Captain Worley listened for a few seconds and then incredulously yelled, “What?!? What do you mean it’s peacetime, and no forces are on alert?… You have to call the flight crews in from home?… Aircraft have to be serviced and readied for flight? You mean they’re not already?… And you have to get your base commander’s approval to draw live ordnance from the armory?… There’s nobody at the armory… you’ll have to call them in too?… Yes, by all means call the commander and wake his ass up!”

* * *

By the time armed P-3 patrol planes flew over the area, it was 0400 hours — several hours after the Louisiana submerged and slipped into the wide and deep Atlantic Ocean.

Chapter 21

Early the next morning, Admiral Yates flew from COMSUBLANT to the new capital at Philadelphia to brief President Thornton, the cabinet, and the Joint Chiefs of Staff on the situation. His report stunned the assembled audience as he reported in quick succession:

• No one had seen the Louisiana get underway.

• The marine guards from the refit wharf were also missing, without any sign of a struggle.

• There was no evidence of forced entry anywhere around the perimeter of the Naval Submarine Base Kings Bay, and the guards at the main entrance and back gate had not reported anything unusual.

• A couple of local fishermen may have seen the Louisiana in the exit channel, but they would have to be questioned further because they were apparently quite inebriated at the time.

• A marine contingent had rushed to the channel entrance at Amelia Island and fired at a dark object at sea, but there was no confirmation that it was the Louisiana or that they had inflicted any damage.

• P-3 anti-submarine warfare planes had been scrambled out of NAS Jacksonville but had failed to locate any submarines in the vicinity of the channel entrance.

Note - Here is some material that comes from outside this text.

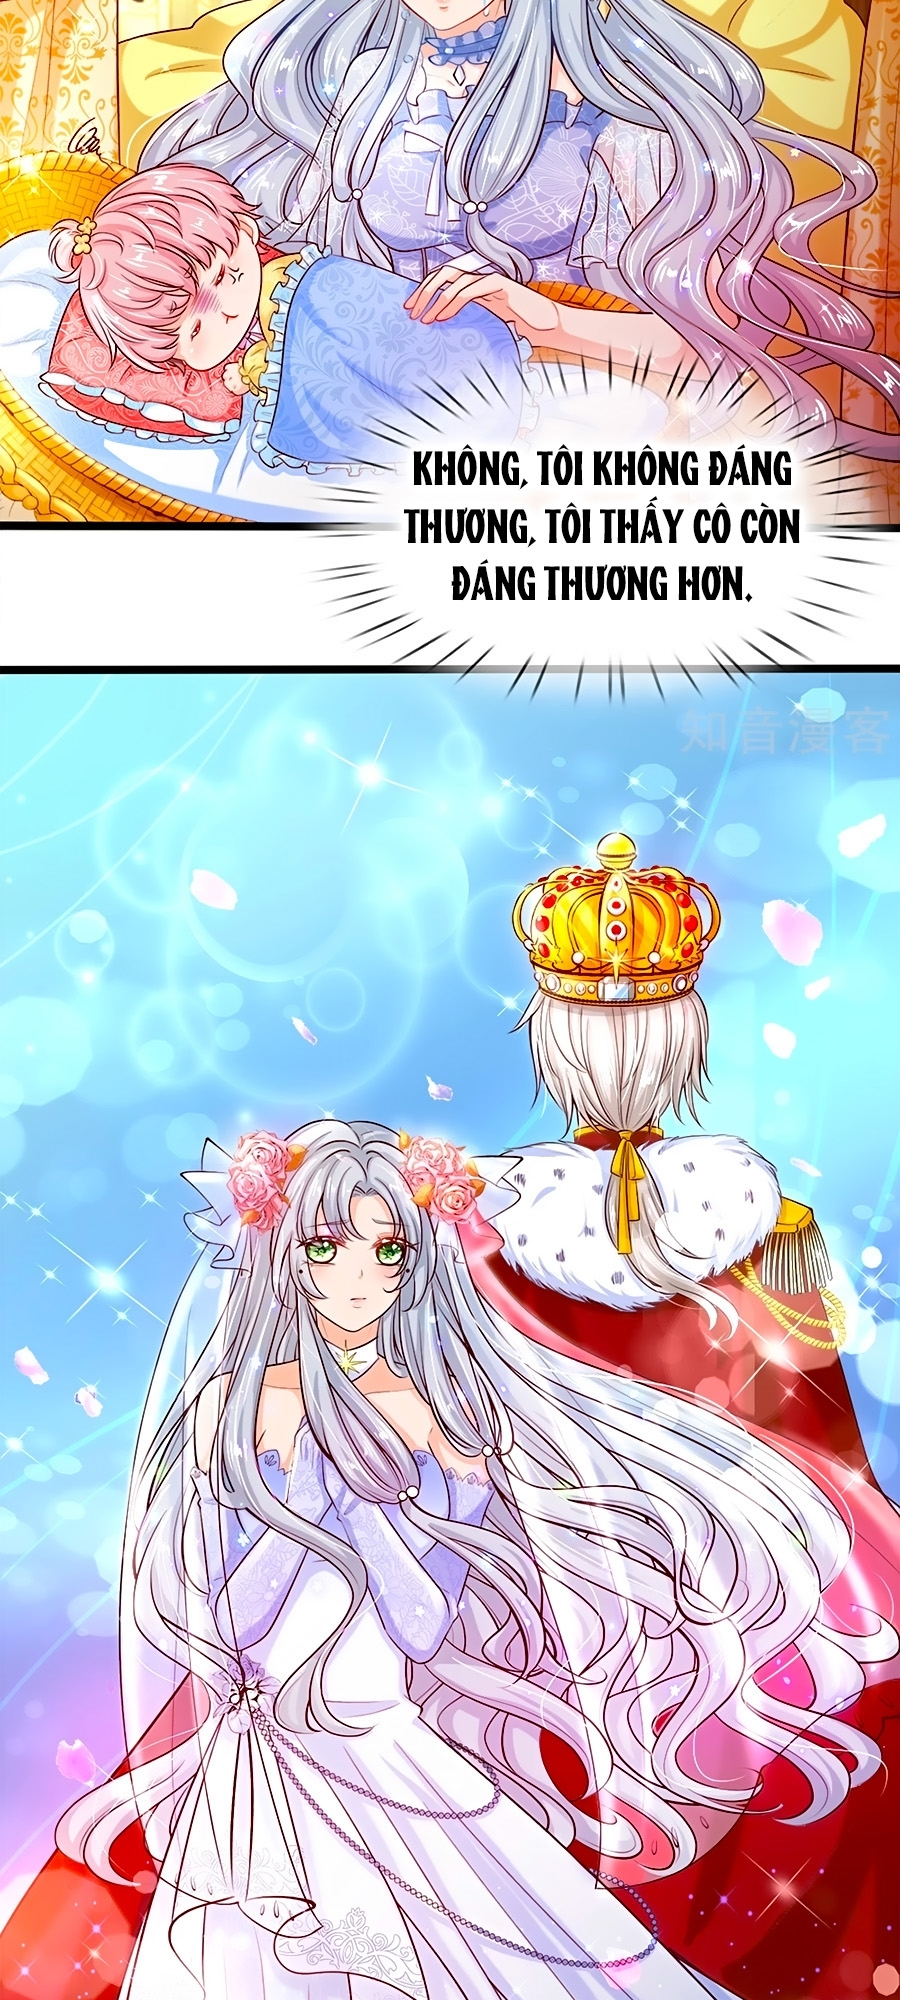 Hoàng Đế Bệ Hạ Đích Thiên Giới Bảo Bối chap 1 - Trang 32

• The Louisiana had simply disappeared with no warning and with approximately one-third of her crew missing.

* * *

By the time of the admiral’s briefing in Philadelphia, the New York Times had already issued a special edition with the news plastered on its front page. The headline covered the entire top half of the page:

GONE: 120 NUCLEAR WARHEADS MISSING! BALLISTIC MISSILE SUBMARINE FEARED HIJACKED!

The sub-headline read:

SUB DISAPPEARS FROM KINGS BAY DURING DEAD OF NIGHT

The news was devastating! No one at the Times had contemplated the effect the story would have on the civilian public. There was mass panic in every major city in the country. The roads were gridlocked as millions of people tried to get out of densely populated areas, which were seen as being likely targets for terrorists armed with long-range ballistic missiles. Hundreds died in the panic. There was looting and anarchy across the nation. The president declared martial law and mobilized reserve and National Guard units to restore law and order.